__Task objective__: For the material below, the expected output is exactly the lines between the line holding "NFL legend Jerry" and the line holding "If I did anything", inclusive, with pictures left out.

__Given information__:

##############################

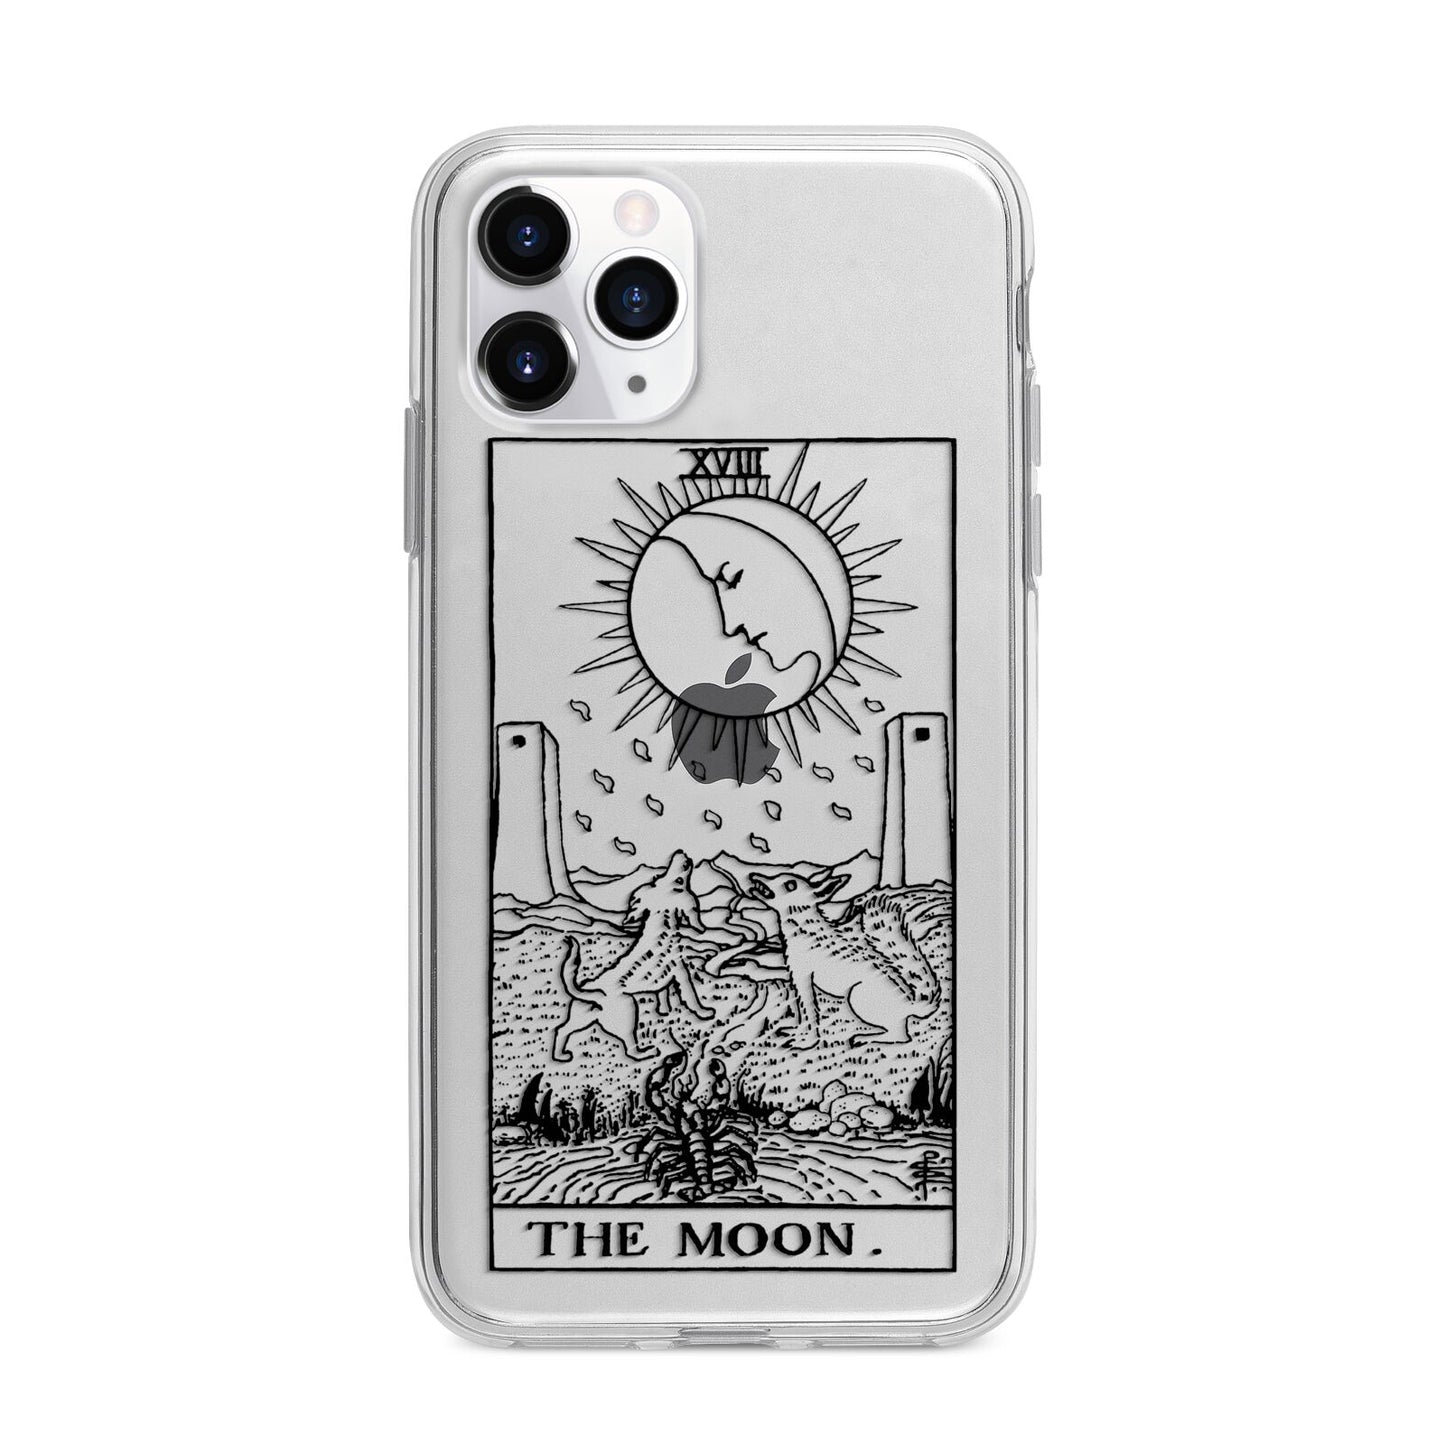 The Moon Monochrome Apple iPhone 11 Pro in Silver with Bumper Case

##############################

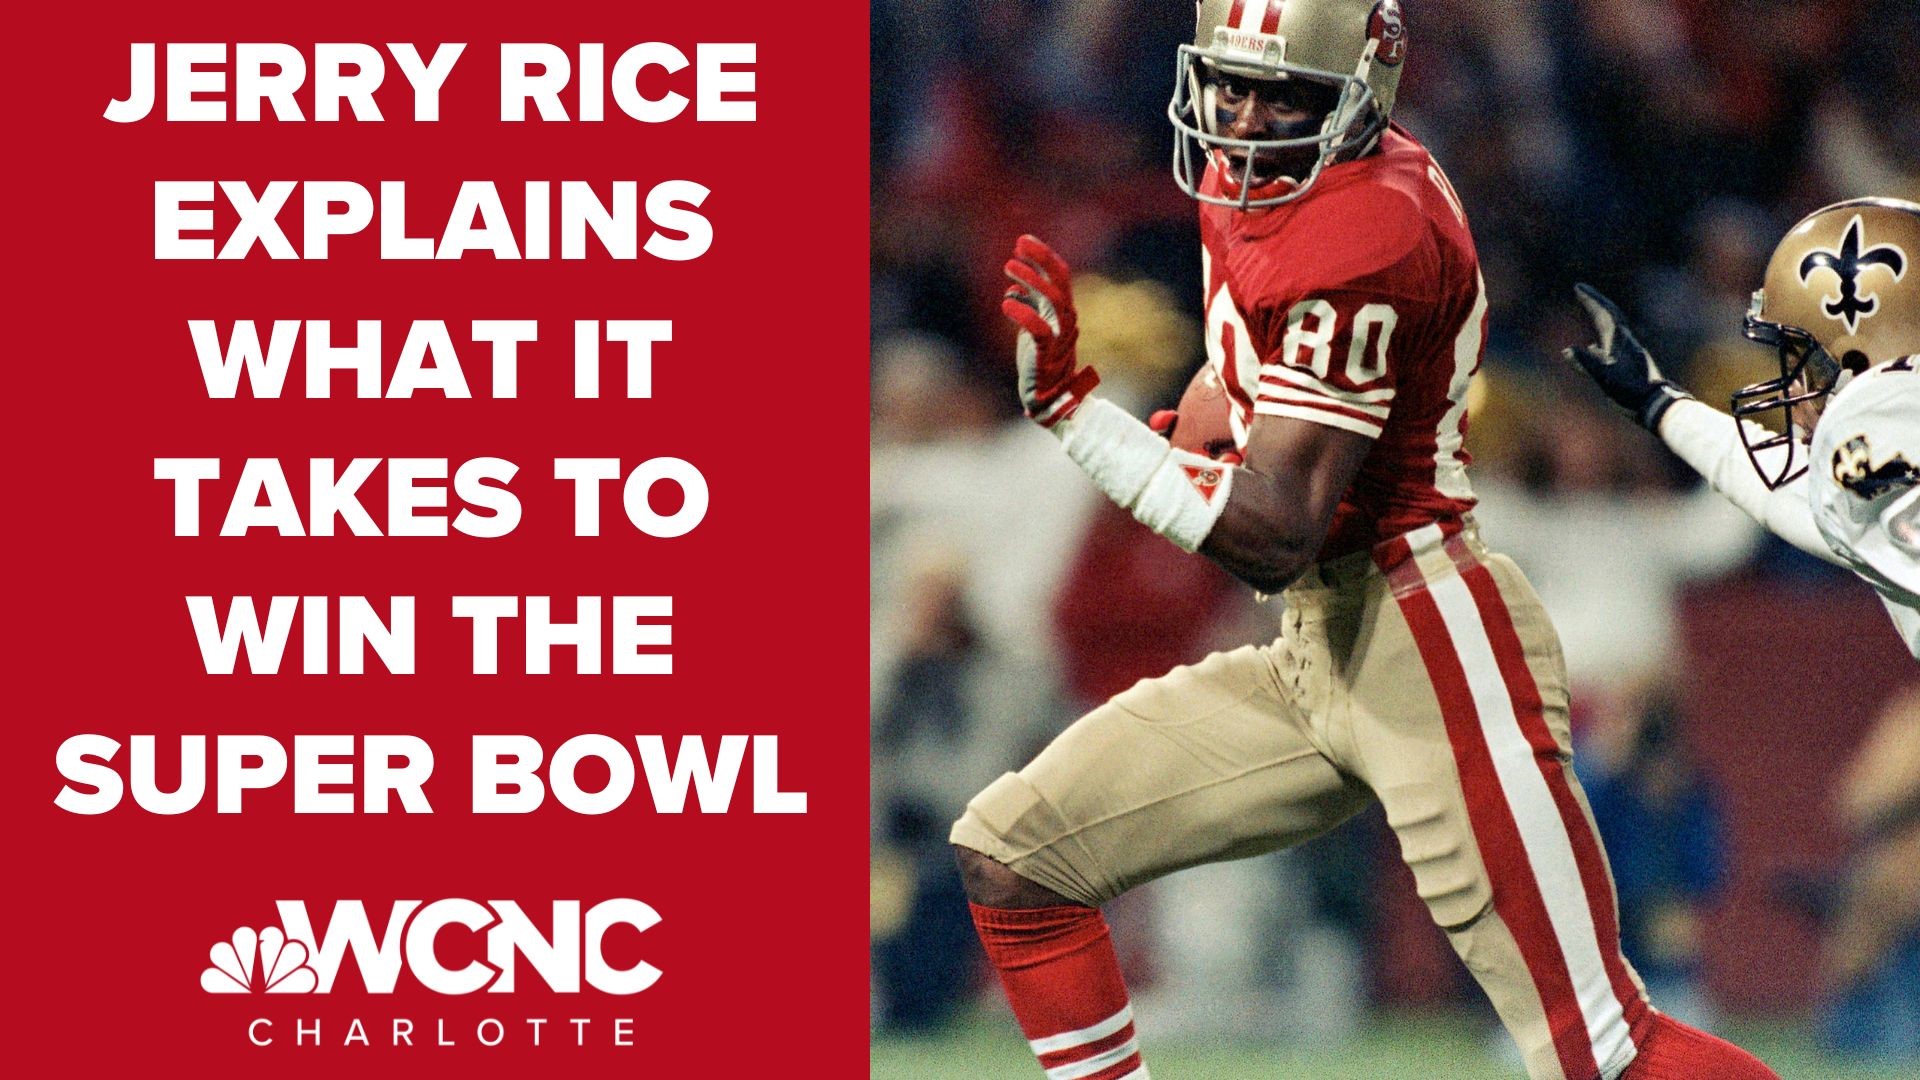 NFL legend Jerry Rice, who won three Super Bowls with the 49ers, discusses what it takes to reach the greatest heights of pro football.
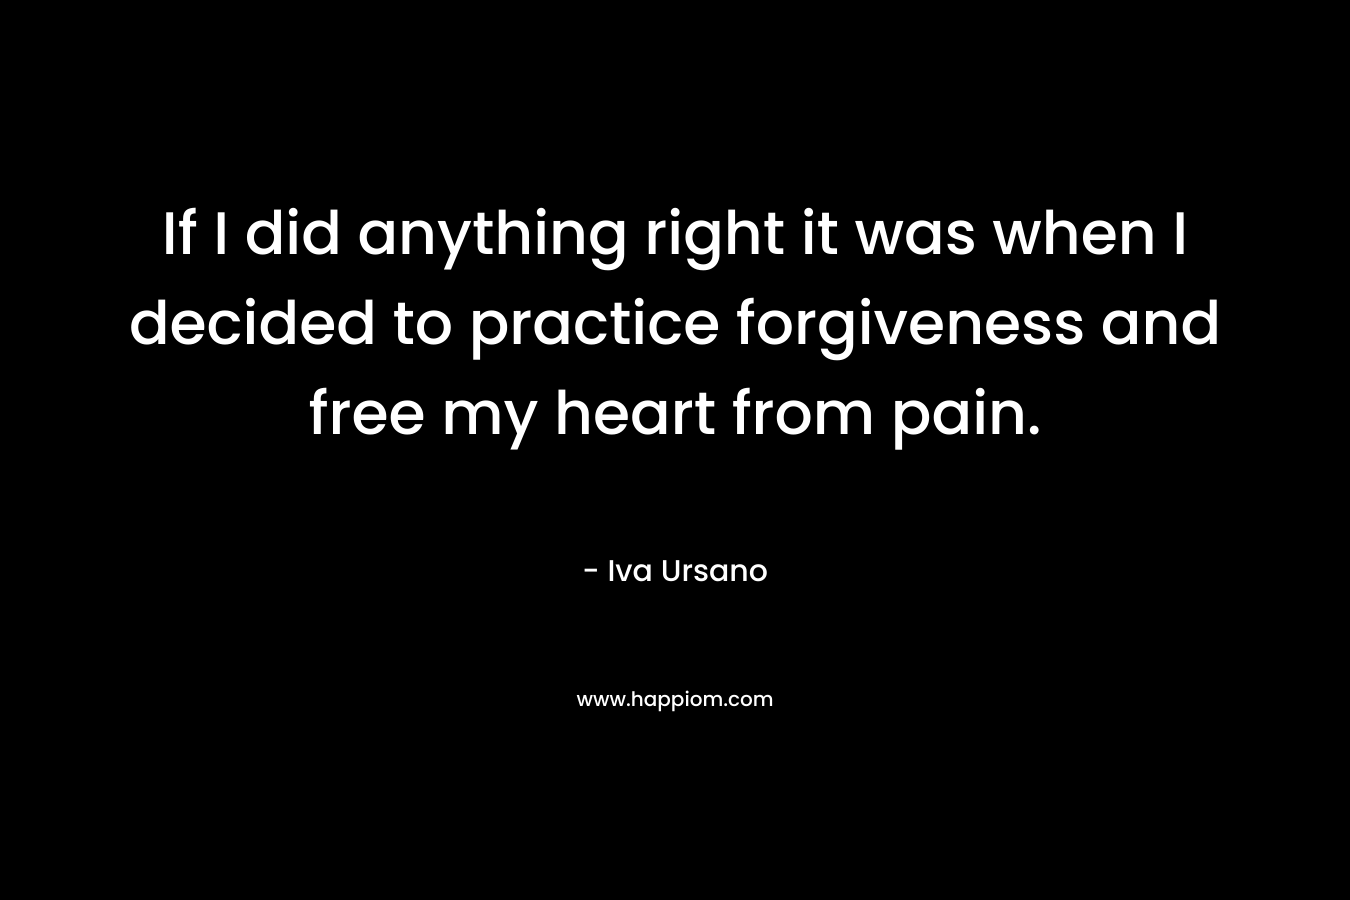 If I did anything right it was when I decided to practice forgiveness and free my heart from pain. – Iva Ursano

##############################

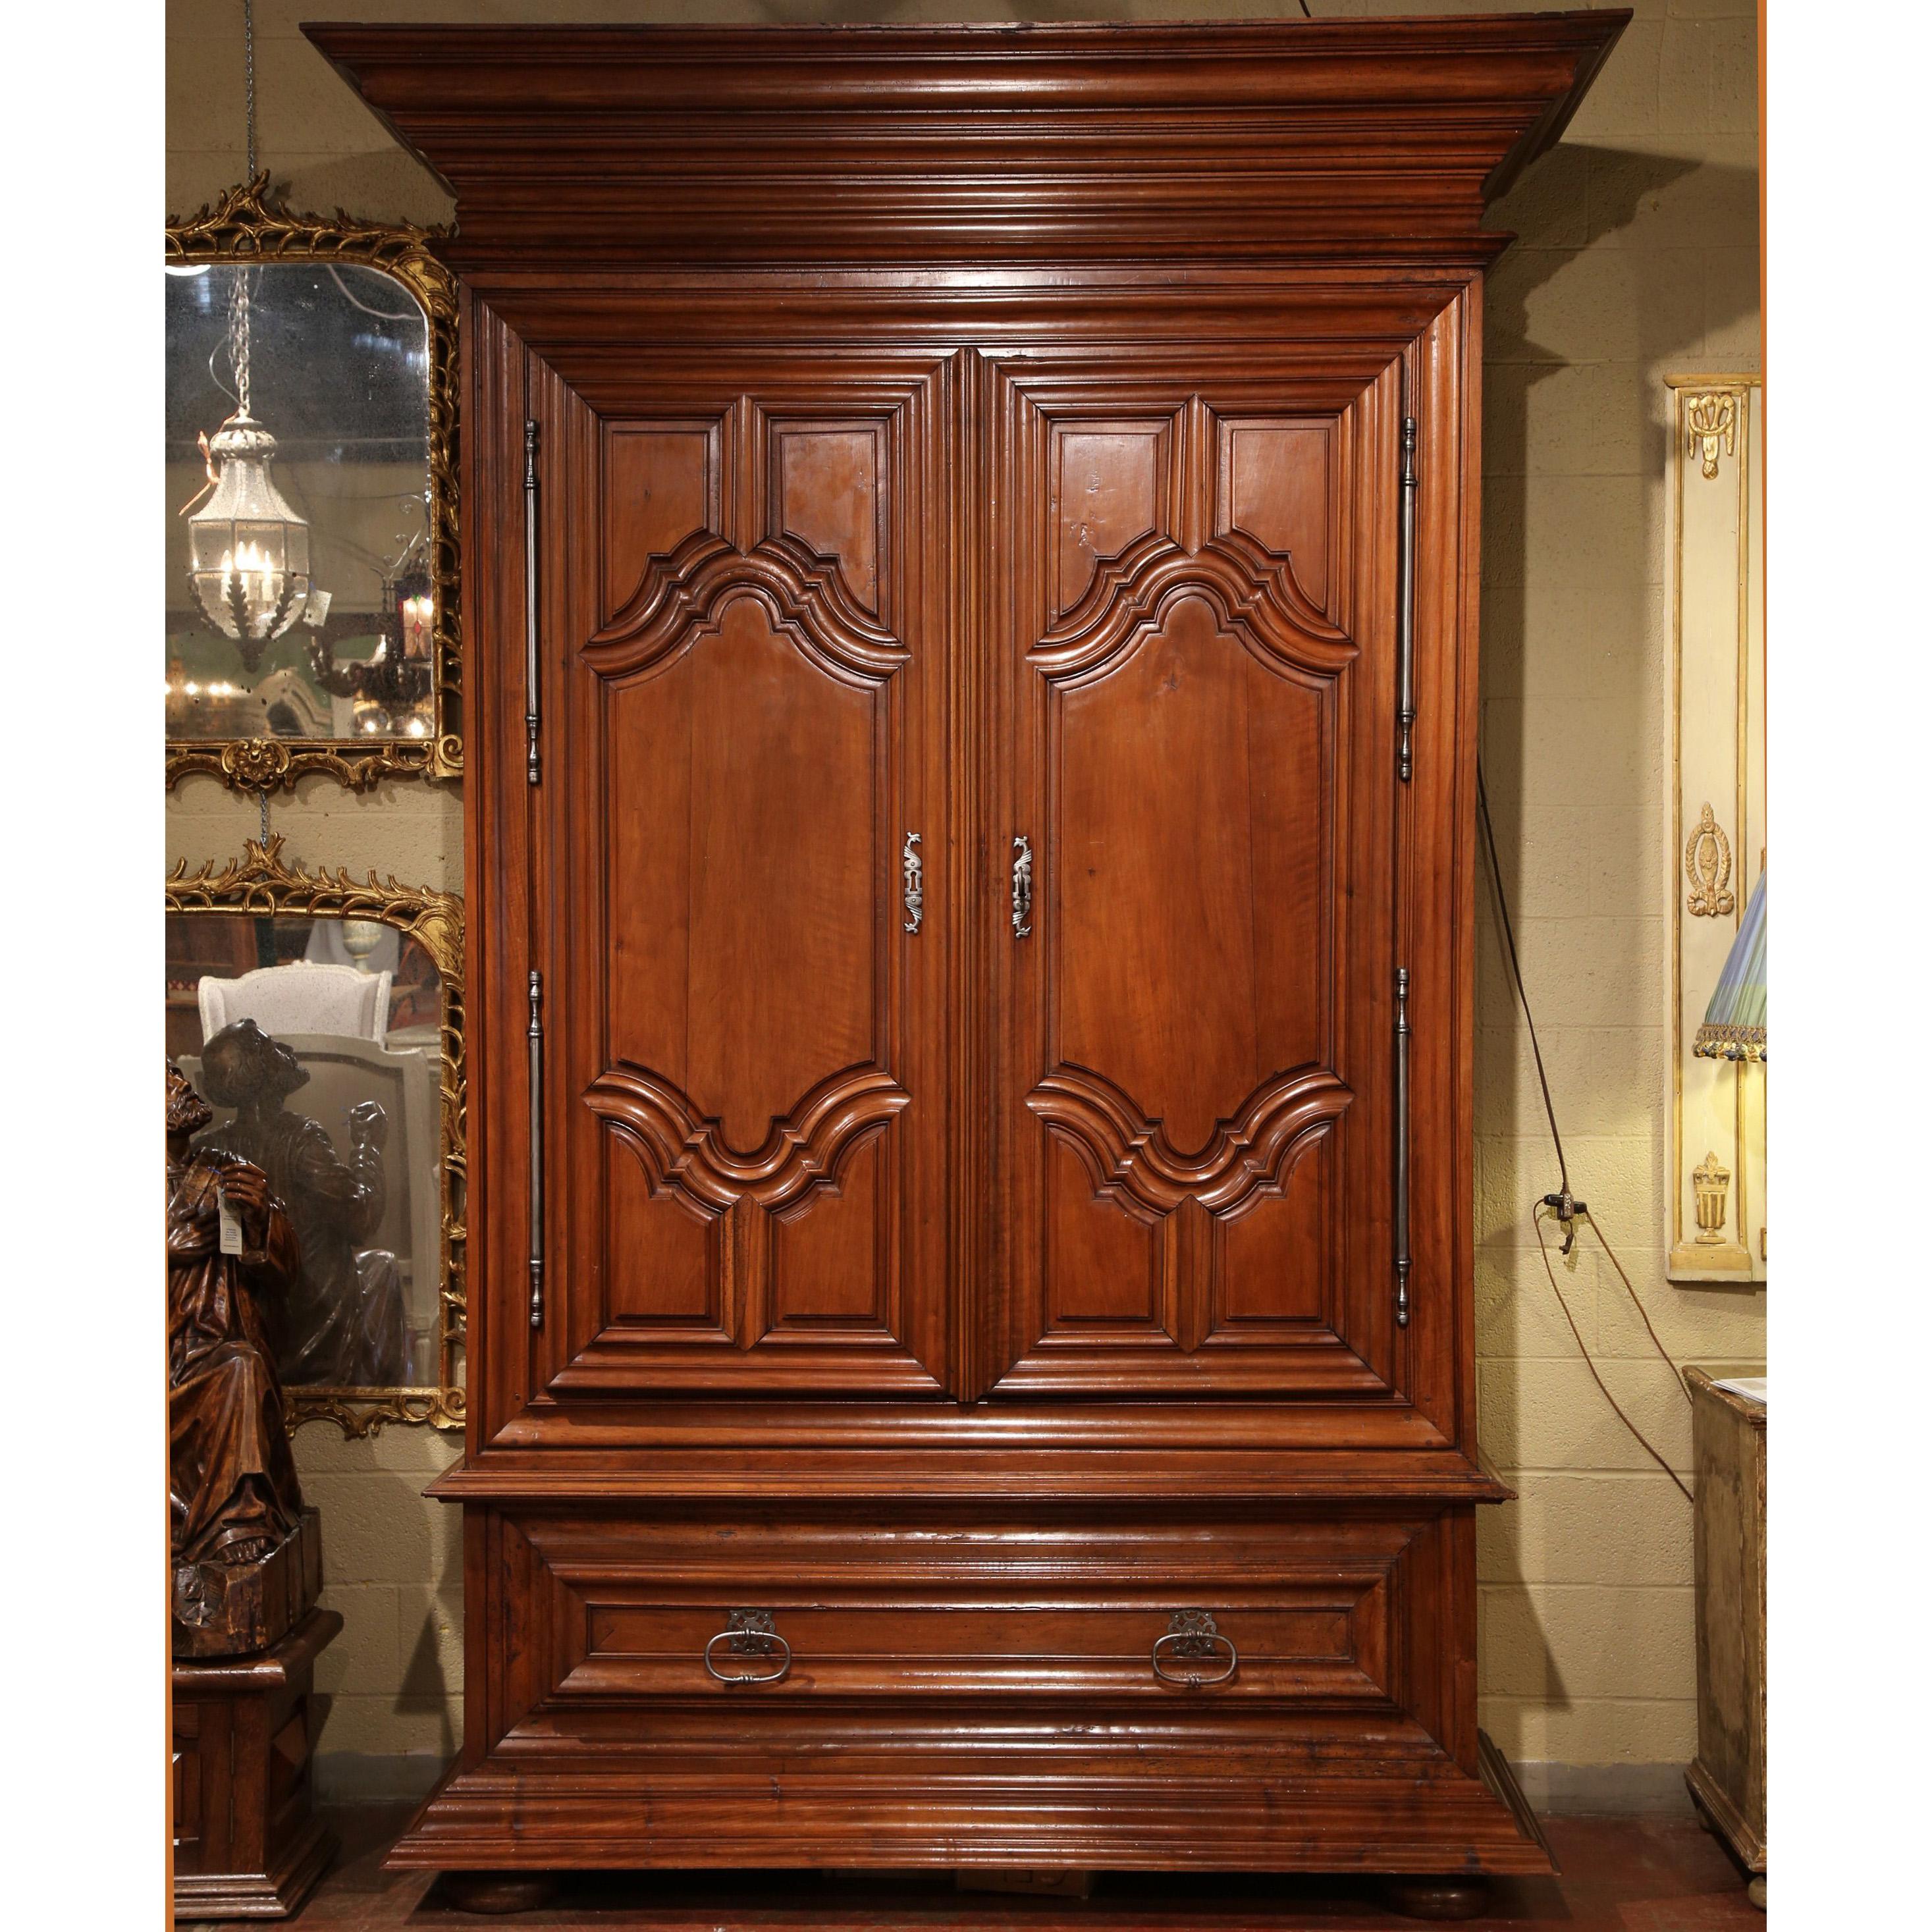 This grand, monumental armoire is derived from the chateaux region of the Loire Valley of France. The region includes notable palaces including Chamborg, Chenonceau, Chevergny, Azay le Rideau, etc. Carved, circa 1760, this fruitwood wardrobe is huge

##############################

__Task result__:
 NFL legend Jerry Rice, who won three Super Bowls with the 49ers, discusses what it takes to reach the greatest heights of pro football.
 If I did anything right it was when I decided to practice forgiveness and free my heart from pain. – Iva Ursano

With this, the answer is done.